Sh Cache Microservice

The Sh Cache Microservice is a network element that provides a caching layer in front of a Home Subscriber Server (HSS) for certain queries over Sh.

Goals

  • Centralise the cache location, so that it is accessible to any number of users

  • Provide Sh access to a wide range of clients, that may not support Diameter but can support HTTP

  • Simplify configuration for the client (no diameter peer/routing tables to configure)

  • Efficent and effective caching of Sh data without the need for sharding subscribers

  • Provide a container/VM image for easy integration into virtualized environments.

  • Centralise connectivity to the HSS so the HSS has a controlled number of Sh peers

Network elements interface with the microservice via an Sh/HTTP API. The microservice provides responses to queries by consulting its internal cache and/or talking to the HSS via Sh.

Sh Cache Microservice in context
Figure 1. Sh Cache Microservice in Context

The top level architecture of the Sh Cache Microservice is present in the following section.

Top Level Architecture

The major elements of the Sh Cache Microservice are shown in the following diagram.

Top level architecture
Figure 2. Top Level Architecture

The Sh Cache Service decodes the request to determine what operation is being performed. This is looked up in the Cassandra database. If not found, use the Diameter Sh RA and perform the appropriate operation against the HSS to find/update the information. When the HSS replies, update the DB accordingly.

Tip

Elements in green correspond to existing components and products in the Metaswitch portfolio.

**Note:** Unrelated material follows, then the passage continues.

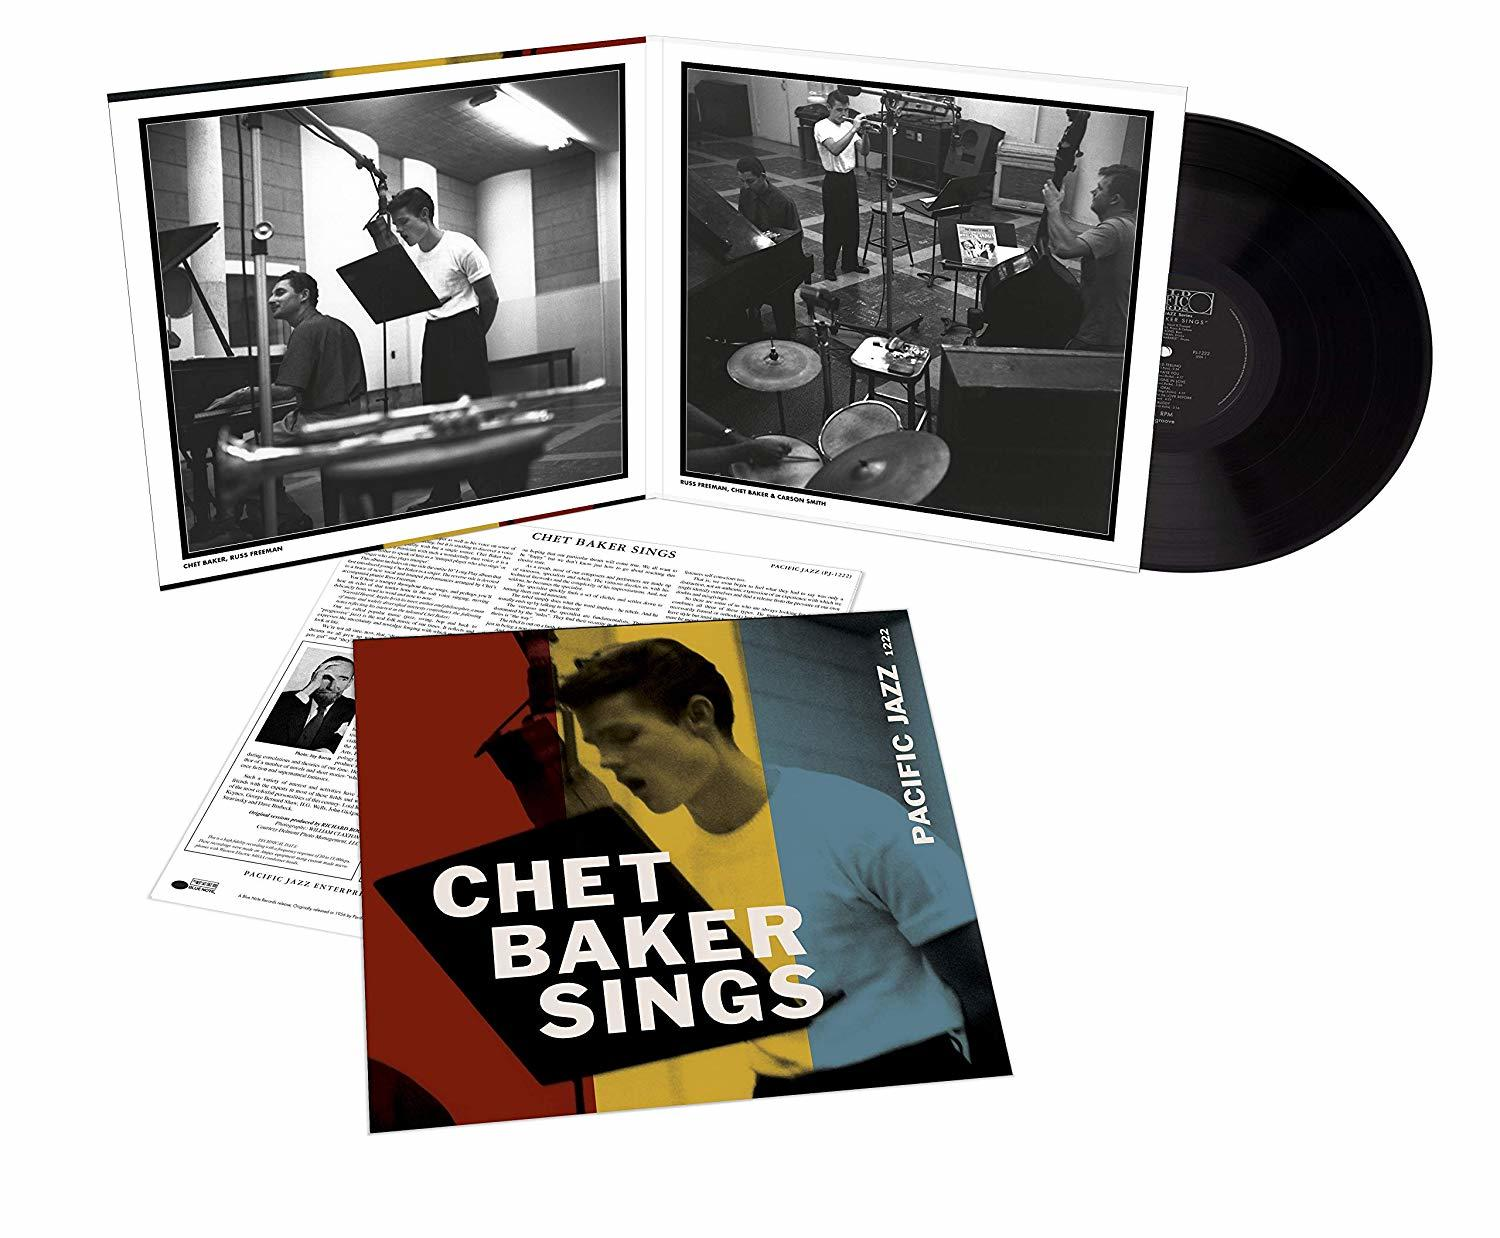 Chet Baker Sings Poet Chet Baker (Tone (Vinyl) - - Vinyl)

  1. HTTP Resource Adaptor

  2. Diameter Resource Adaptors

  3. Cassandra CQL Resource Adaptor

  4. Rhino Element Manager

  5. MetaView Service Assurance Server (SAS)

Sh Cache Service

The Sh Cache Service is a Rhino TAS based application that receives and processes Diameter Sh/HTTP requests from external network elements.

Notification Service

The Notification Service processes Diameter Sh requests from the HSS.

Cache (Cassandra)

Apache Cassandra is a distributed, highly available, NoSQL database management system designed to handle large amounts of data across many commodity servers.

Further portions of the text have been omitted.